Em 2009, o IGEC já tinha concluído que havia irregularidades quando eram atribuídas equivalências com base no currículo profissional dos alunos. Três anos depois, a própria Universidade – por recomendação do Ministério da Educação – fez uma auditoria interna para detetar e corrigir essas eventuais irregularidades. No entanto, no caso de Gonçalves Pica – e não só – o desfasamento entre as creditações atribuídas e as cadeiras que efetivamente constavam nos planos dos cursos da Universidade continuou a existir.
A própria Comissão Específica de Creditação (CEC) do curso de Estudos de Segurança reconheceu, posteriormente, que, na altura da atribuição das creditações profissionais ao ex-inspetor da PJ “não estavam estabelecidas as relações entre as competências adquiridas em contexto profissional com as competências das unidades curriculares creditadas”. No relatório do IGEC, pode ler-se que Gonçalves Pica já manifestou interesse em regularizar a situação.
As irregularidades detetadas são, em muitos dos casos analisados pelo Observador, difíceis de explicar. O próprio relatório da IGEC admite que fatores como o “caráter demasiado aberto da legislação”, a “inexperiência existente em processos de tal natureza” e a “falta de exemplos nacionais e internacionais” que servissem de modelo a seguir podem ajudar a explicar este tipo de situações. E não exclui a hipótese de se terem tratado de “falhas na própria tramitação dos processos que devem ser imputadas aos responsáveis de cada serviço/unidade orgânica responsável pelas mesmas”.
O caso de Bruno Palhinhas parece ser um desses. O inspetor da PJ e um dos envolvidos na investigação ao desaparecimento de Madeleine McCann, também ele aluno do curso de Estudos de Segurança, viu as suas creditações serem anuladas pelas mesmas razões invocadas no caso de Gonçalves Pica.

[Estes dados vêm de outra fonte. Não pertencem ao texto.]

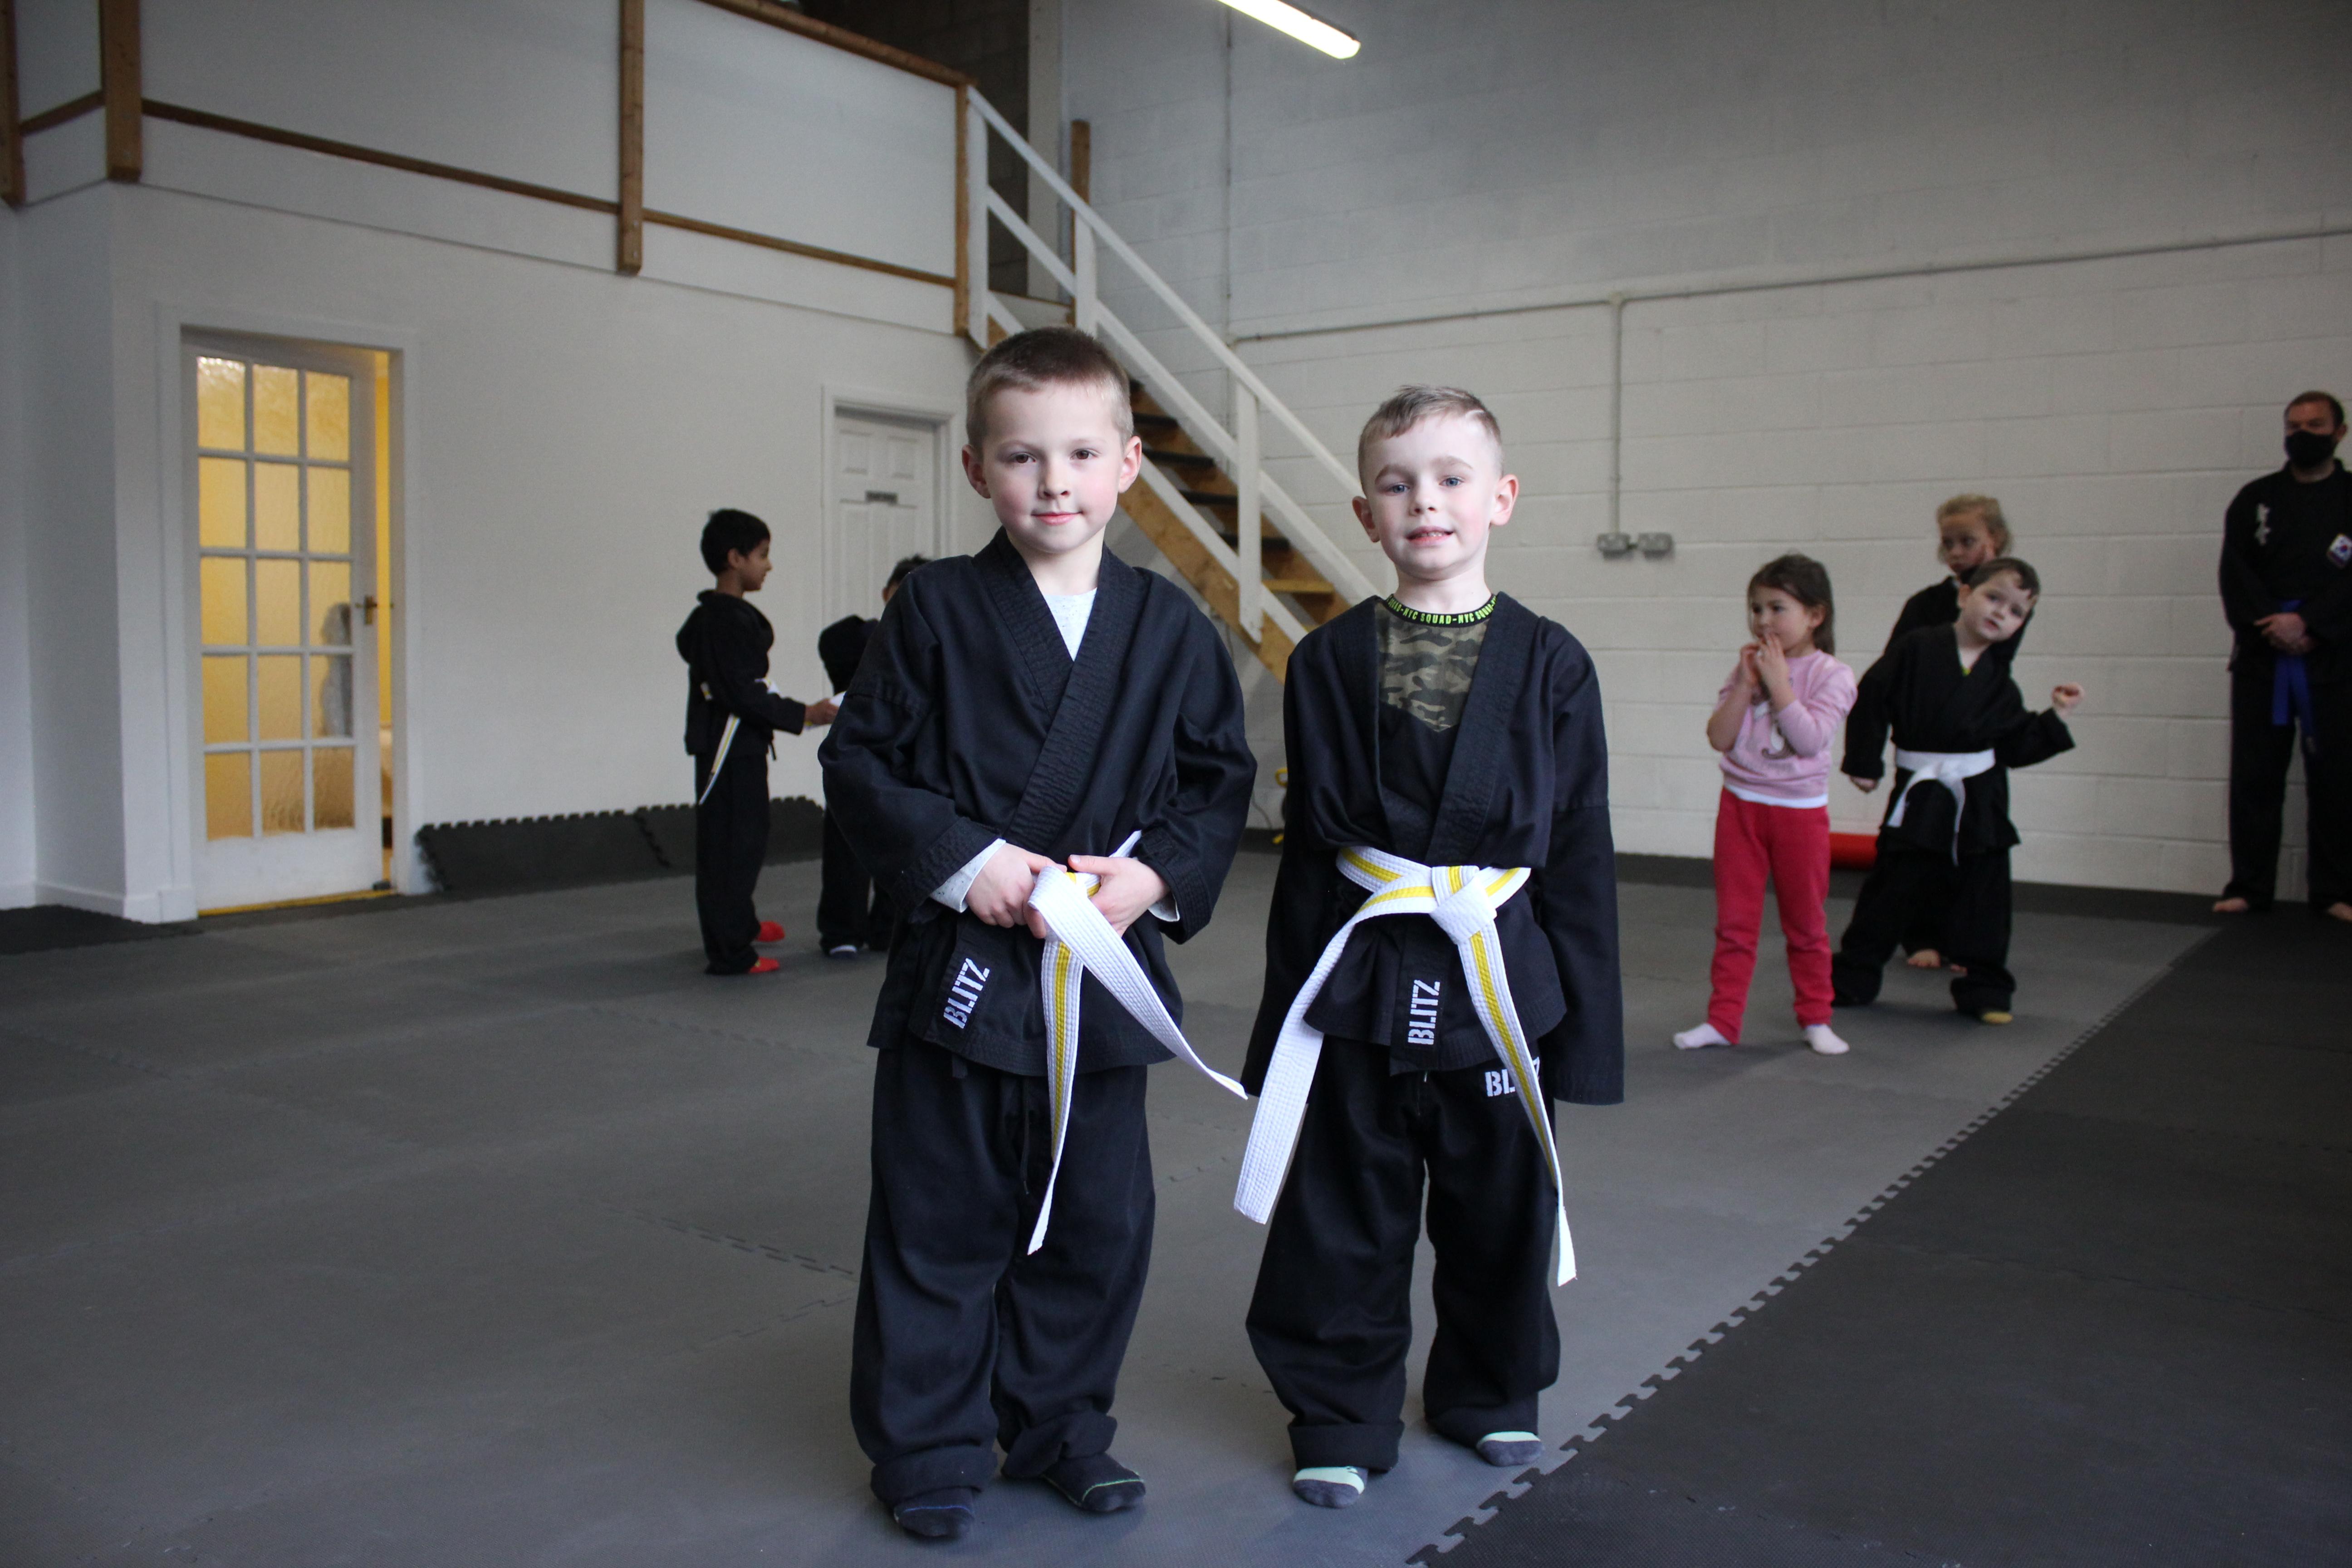 Kuk Sool Won martial arts Perth kids cla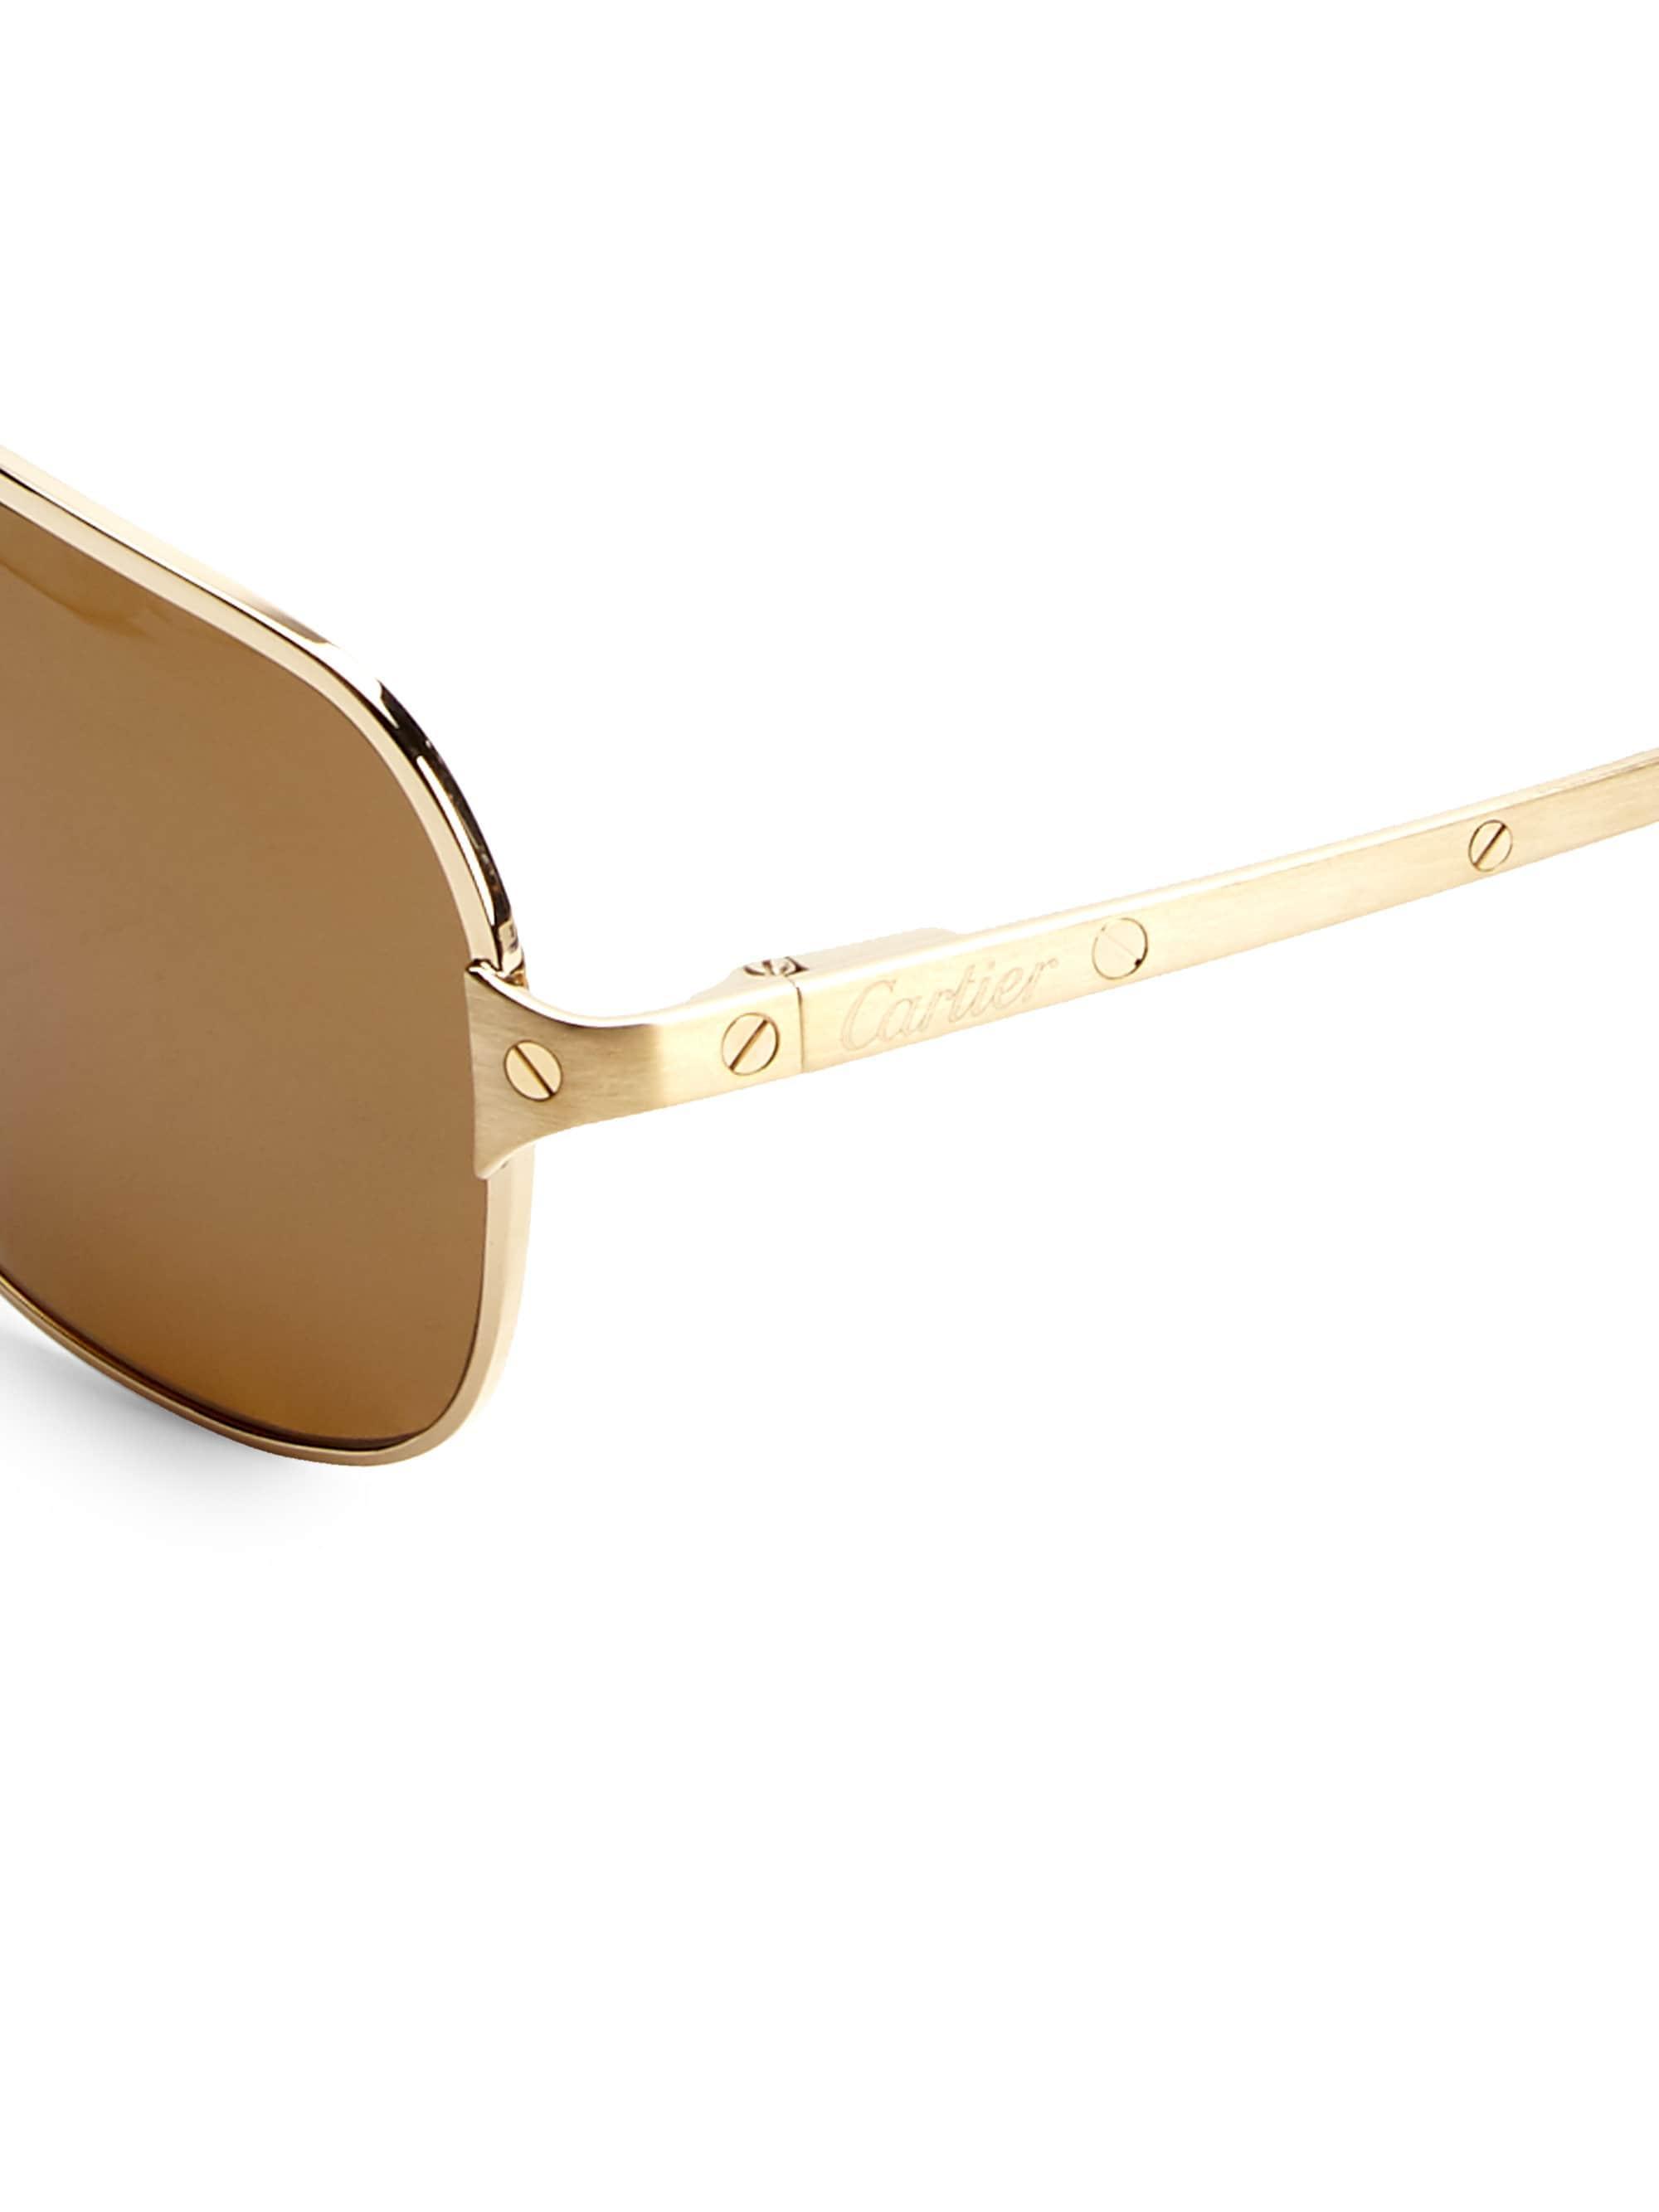 8255c88a217b Lyst - Cartier Women s 60mm Aviator Sunglasses - Gold in Metallic

Com base no seu currículo profissional, que contava já com várias formações enquanto inspetor estagiário da PJ, Bruno Palhinhas teve equivalência a 16 “cadeiras” em 36 possíveis. Mas, mais uma vez, a IGEC detetou irregularidades na creditação de três cadeiras que, naquela altura, nem existiam nos planos de curso da Universidade Lusófona.
Depois da audição interna de 2012, essas “cadeiras” – Direito Processual Penal, Psicossociologia e Técnicas de Serviço Policial – foram retiradas do currículo do aluno, tendo sido substituídas por Direito Processual Penal II, Psicologia Social e Inglês II, numa ato administrativo que o IGEC reconhece como sendo uma tentativa infrutífera de corrigir a situação.
Tal como aconteceu a Gonçalves Pica, também Bruno Palhinhas viu o CEC do curso considerar que as equivalências que lhe foram atribuídas não correspondiam – pelo menos na totalidade – às suas “competências adquiridas em contexto profissional”. E, tal como o seu antigo colega de profissão, também Bruno Palinhas já demonstrou interesse em regularizar a sua situação académica junto da Universidade.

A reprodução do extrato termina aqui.